AI can draft useful blog posts, but the publishing system needs frontmatter, draft controls, validation, source notes, and Git-based review.

-2 min read

Why use MDX instead of a CMS?

MDX is a strong fit when the writer wants to draft in AI tools, review locally, and publish through GitHub.

It keeps posts portable as text files. It also allows reusable components like AnswerBox, KeyTakeaways, Definition, SourceNote, and FAQ without adopting a heavier publishing system.

What should the frontmatter include?

Every post needs enough metadata for search engines, RSS readers, social previews, and AI indexing.

The required fields on this site are title, description, excerpt, published date, updated date, category, tags, featured status, draft status, and canonical URL.

Frontmatter

Frontmatter is the structured metadata at the top of a Markdown or MDX file. It tells the site how to classify, display, index, and publish the post.

Why should AI drafts start unpublished?

AI models can write quickly, but they can also overstate, blend sources, or create clean-sounding claims that are not true.

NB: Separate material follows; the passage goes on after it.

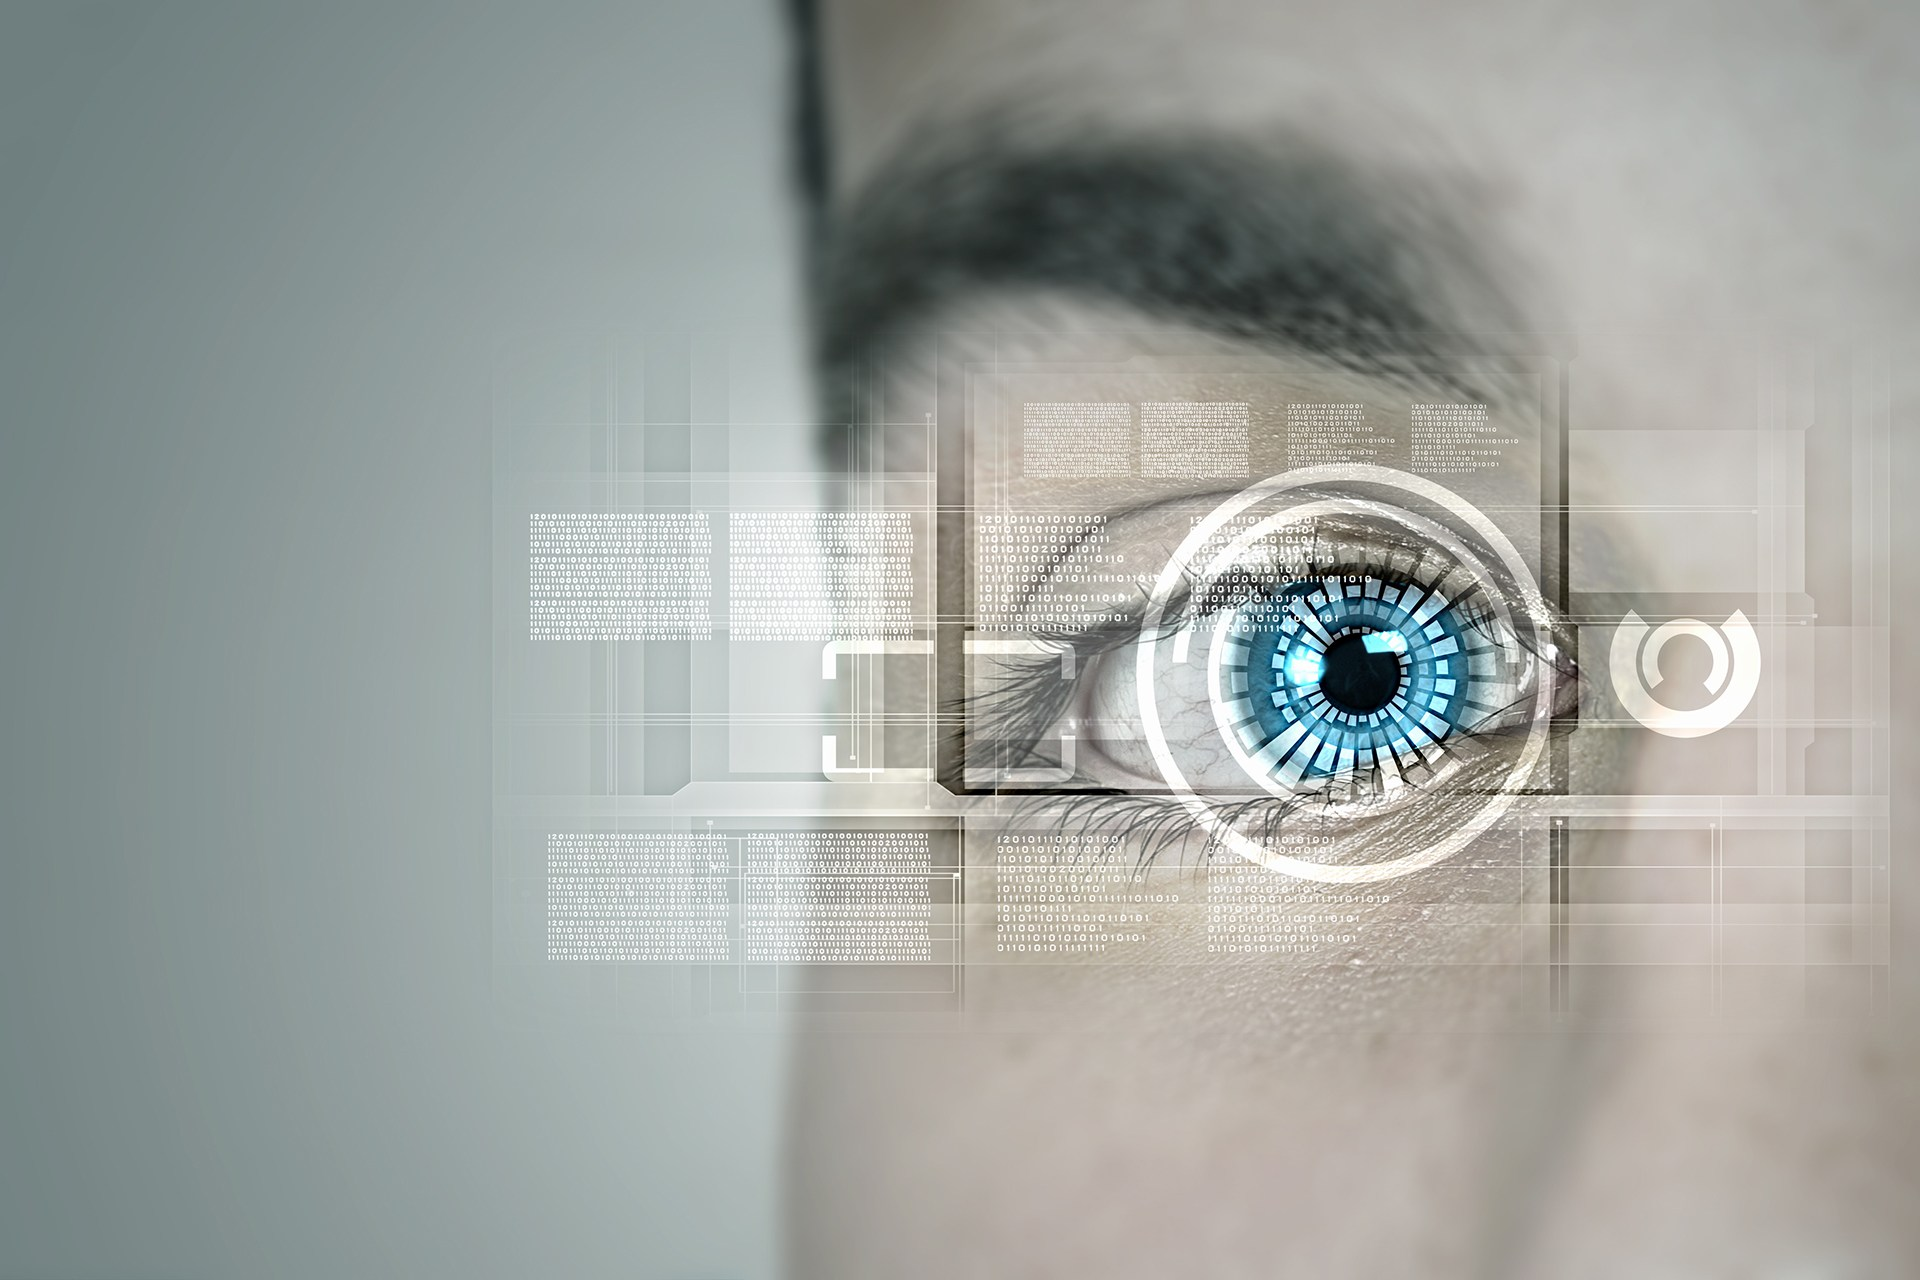 Smart of schlimm? | Pushing the limits of communication technology | MCS

The default should therefore be draft: true. A human review changes that value only after checking facts, links, claims, dates, and tone.

What does the publish flow look like?

  1. Ask an AI model to draft the post using the prompt in BLOG_AUTHORING.md.
  2. Save the result as content/blog/your-slug.mdx.
  3. Keep draft: true while reviewing.
  4. Run content validation and the local build.
  5. Change to draft: false.
  6. Commit and push to GitHub.
  7. Let Vercel build and publish the site.

This workflow is implemented directly in the jalalshams.tech codebase through MDX content files, build-time validation, RSS, sitemap generation, and AI-readable llms.txt endpoints.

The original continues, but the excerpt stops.